Figure 1 C. burnetii replicate in bovine and human lung epithelial cell lines in a lysosome-like compartment. The bovine lung epithelial cell line Bel-26 and the human lung epithelial cell line A549 were infected with C. burnetii NMII. (A) At 47 h post-infection, 1µM LysoTracker Red DND-99 was added to the culture medium for 1h. The cells were fixed, permeabilized and stained with an anti-C. burnetii antibody and DAPI. The percentage of LysoTracker positive C. burnetii-containing vacuoles (CCVs) of 100 infected cells in each of three independent experiments was determined. Mean ± SD. (B) The pH of the CCVs at 48 h post-infection was determined by calculation of the fluorescence intensity ratios of the dual-wavelength fluorophore LysoSensor Yellow/Blue DND-160. Data represents average values ± SD of 50 infected cells per sample from three independent experiments. (C, D) Representative immunofluorescence micrographs of (C) Bel-26 and (D) A549 cells infected with C. burnetii NMII for 48 h using a ApoTome (Zeiss). (E) The dimension of CCVs at 72 h post-infection was determined from confocal Z-stack images using the the LSM700 microscope and Zen (Zeiss) software. The volume of at least 100 CCVs from two independent experiments are shown. An unpaired t-test was performed. ***p < 0.001. (F) C. burnetii counts of either infected Bel-26 or A549 cells were determined at the time points indicated via counting of colony forming units (CFU).

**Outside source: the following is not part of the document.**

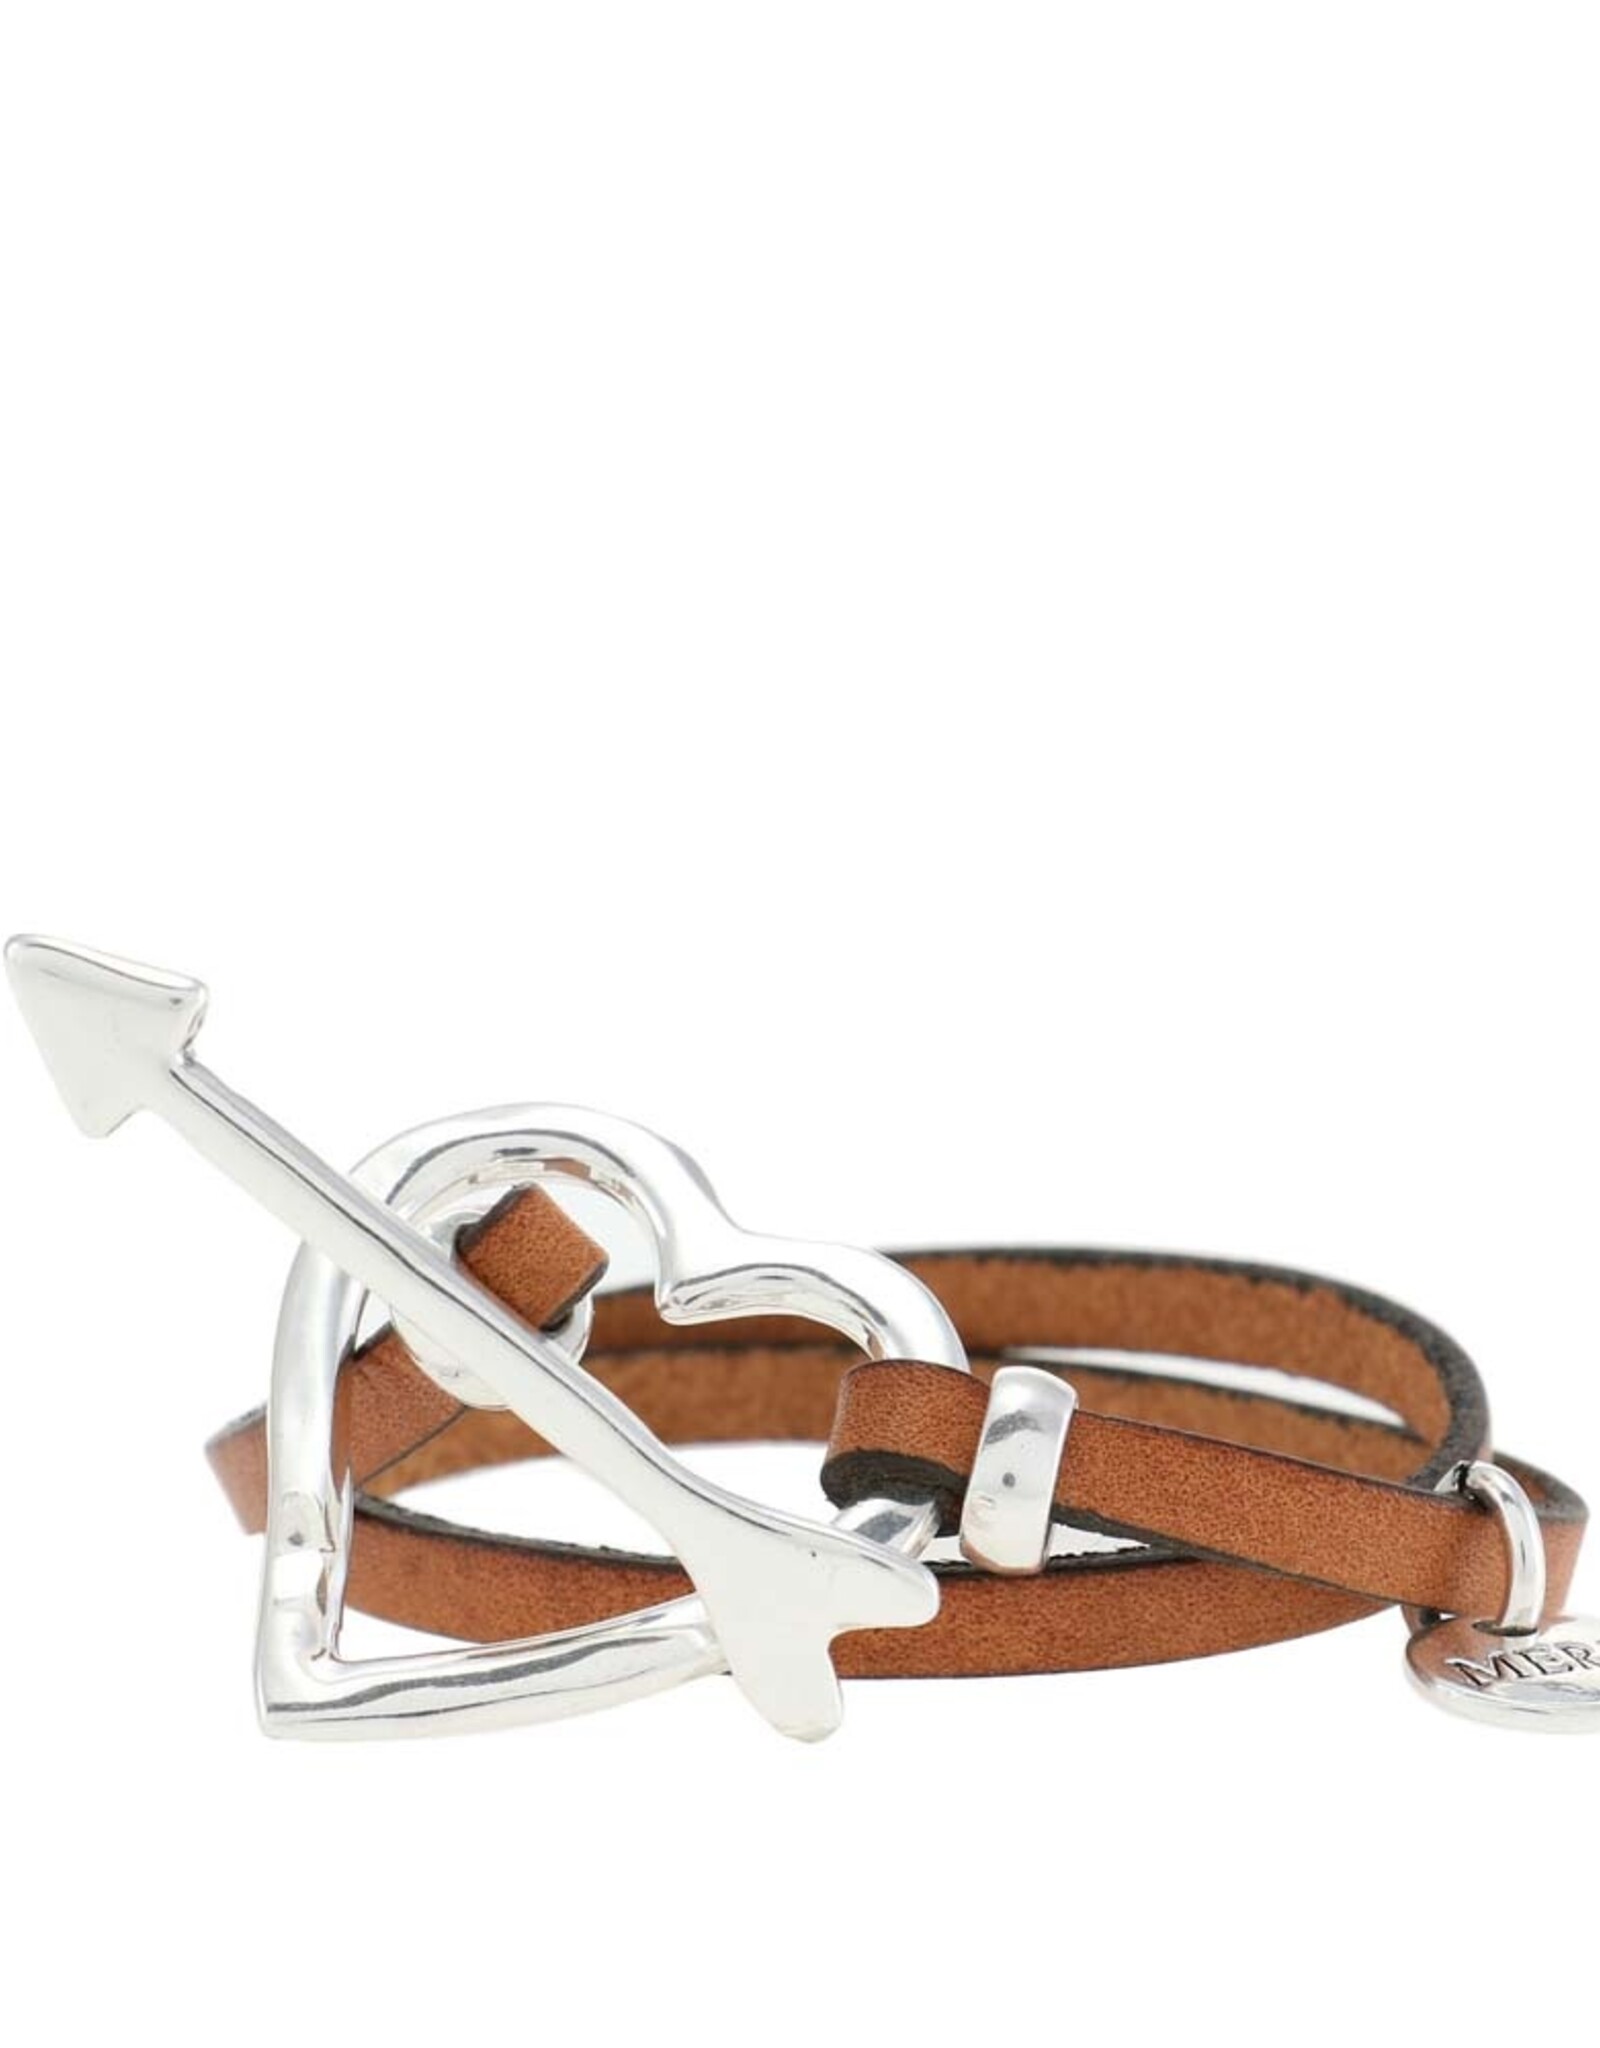 Merx Inc. Fashion Bracelet 35 Camel and Silver

Shown is a representative experiment out of three experiments with similar results, performed with technical triplicates of biological duplicates. Mean ± SD, n = 6, Mann-Whitney test. **p<0.01.

C. burnetii replicated under hypoxia only in bovine, but not in human macrophages

Established protocols for generating differentiated macrophages from human and bovine blood (19, 22) differ in procedure and cultivation media. To ensure comparability, we first analyzed basic functions of the differentiated macrophages. Bovine and human macrophages secreted TNFα after LPS stimulation, although with different kinetics (Figures 2A, B), and phagocytosed pHrhodo Red E.coli similarly well (Figures 2C, D). This data indicate that the bovine and human primary macrophage cultures used herein display a similar level of differentiation.

FIGURE 2

Figure 2 Human and bovine macrophages react to LPS and have phagocytic capacity. Bovine (A) and human (B) macrophages were stimulated with 10 µg/ml LPS for the time periods indicated. Cells were incubated for 4 and 24 h under normoxia. TNFα levels were analyzed by ELISA. Mean ± SD, n = 3, two-way ANOVA with Tukey’s multiple comparisons test. ***p<0.001. (C, D) Bovine and human macrophages were incubated with pHrodo Red E. coli bioparticles for 30 min. The cells were stained with DAPI. Representative immunofluorescence micrographs of (C) bovine and (D) human macrophages using a confocal laser scanning microscope (LSM700) are shown.

Since we had discovered recently, that C. burnetii replicated only in the presence of oxygen in human and murine primary macrophages (22), we analyzed the influence of oxygen availability on the ability of C. burnetii to replicate intracellularly in bovine macrophages. In contrast to human macrophages, C. burnetii replicated in bovine macrophages under both normoxic and hypoxic conditions. This was demonstrated by immunofluorescence imaging of infected cells (Figure 3A) and by colony forming unit (CFU) analysis (Figure 3B), implying that the host cell species might be decisive for C. burnetii replication under hypoxic conditions.

FIGURE 3

Figure 3 C. burnetii replication is inhibited by human, but not by bovine macrophages. (A) Bovine macrophages were infected with C. burnetii NMII for the time periods indicated under normoxic (N) or hypoxic (H) conditions. The cells were fixed and stained with DAPI and an anti-C. burnetii antibody. Representative immunofluorescence micrographs from three independent experiments with similar results are shown. (B) Human macrophages from three different donors and three independent bovine macrophage preparations from two bovine donor animals were infected with C. burnetii NMII for 24 and 96 hours under normoxic (N) or hypoxic (H) conditions. Bacterial counts were determined by counting colony forming units (CFU). Unpaired t-test or Mann-Whitney test, n=3. *p<0.05, ns=p>0.05.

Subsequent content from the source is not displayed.